## WHAT THIS TASK INVOLVES
From the data below, set down exactly the lines between the one holding "BROWARD COUNTY, FLORIDA, SECOND" and the one holding "Image from Skyrim", inclusive, and no others.

──────────────────────────────

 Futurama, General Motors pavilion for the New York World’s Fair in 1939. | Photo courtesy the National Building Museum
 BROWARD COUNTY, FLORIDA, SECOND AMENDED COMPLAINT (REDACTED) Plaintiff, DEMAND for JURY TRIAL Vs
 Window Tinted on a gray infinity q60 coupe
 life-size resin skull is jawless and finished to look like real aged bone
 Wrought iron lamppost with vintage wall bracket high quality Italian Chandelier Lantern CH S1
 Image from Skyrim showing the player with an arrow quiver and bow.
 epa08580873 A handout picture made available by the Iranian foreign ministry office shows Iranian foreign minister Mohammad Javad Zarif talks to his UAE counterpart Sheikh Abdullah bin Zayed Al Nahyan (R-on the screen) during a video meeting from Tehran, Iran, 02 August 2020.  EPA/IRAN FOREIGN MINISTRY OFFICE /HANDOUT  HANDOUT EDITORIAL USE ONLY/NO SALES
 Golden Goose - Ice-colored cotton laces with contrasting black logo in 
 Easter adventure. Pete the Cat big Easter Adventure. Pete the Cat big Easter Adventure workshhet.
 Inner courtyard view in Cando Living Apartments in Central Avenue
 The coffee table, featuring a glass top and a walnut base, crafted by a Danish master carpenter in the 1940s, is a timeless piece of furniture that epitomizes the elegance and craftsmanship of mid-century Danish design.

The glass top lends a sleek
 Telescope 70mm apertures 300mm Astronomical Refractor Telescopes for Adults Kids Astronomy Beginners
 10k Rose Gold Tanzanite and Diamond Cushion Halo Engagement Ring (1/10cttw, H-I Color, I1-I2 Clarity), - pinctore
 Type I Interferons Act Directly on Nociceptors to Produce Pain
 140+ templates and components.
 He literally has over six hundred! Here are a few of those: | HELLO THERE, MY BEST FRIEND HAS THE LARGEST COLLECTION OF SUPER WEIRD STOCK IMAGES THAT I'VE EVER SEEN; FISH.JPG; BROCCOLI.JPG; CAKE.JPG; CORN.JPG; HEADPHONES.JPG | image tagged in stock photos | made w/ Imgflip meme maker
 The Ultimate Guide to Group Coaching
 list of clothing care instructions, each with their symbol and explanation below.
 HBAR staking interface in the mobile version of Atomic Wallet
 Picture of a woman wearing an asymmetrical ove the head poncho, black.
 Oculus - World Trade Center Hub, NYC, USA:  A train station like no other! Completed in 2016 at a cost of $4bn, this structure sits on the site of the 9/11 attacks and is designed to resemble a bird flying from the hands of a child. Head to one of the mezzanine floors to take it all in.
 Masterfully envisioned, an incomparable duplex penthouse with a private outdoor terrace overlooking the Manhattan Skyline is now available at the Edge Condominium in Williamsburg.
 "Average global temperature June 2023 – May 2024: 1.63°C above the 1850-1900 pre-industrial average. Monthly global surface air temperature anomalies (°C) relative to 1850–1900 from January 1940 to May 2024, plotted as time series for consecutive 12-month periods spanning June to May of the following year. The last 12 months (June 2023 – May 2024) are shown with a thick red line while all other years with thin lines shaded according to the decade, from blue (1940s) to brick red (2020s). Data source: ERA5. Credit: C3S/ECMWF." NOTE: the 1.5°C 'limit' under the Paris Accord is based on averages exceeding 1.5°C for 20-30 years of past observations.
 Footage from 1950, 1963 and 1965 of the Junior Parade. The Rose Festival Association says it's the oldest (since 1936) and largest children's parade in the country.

──────────────────────────────

## RESPONSE FOR THIS EXERCISE
 BROWARD COUNTY, FLORIDA, SECOND AMENDED COMPLAINT (REDACTED) Plaintiff, DEMAND for JURY TRIAL Vs
 Window Tinted on a gray infinity q60 coupe
 life-size resin skull is jawless and finished to look like real aged bone
 Wrought iron lamppost with vintage wall bracket high quality Italian Chandelier Lantern CH S1
 Image from Skyrim showing the player with an arrow quiver and bow.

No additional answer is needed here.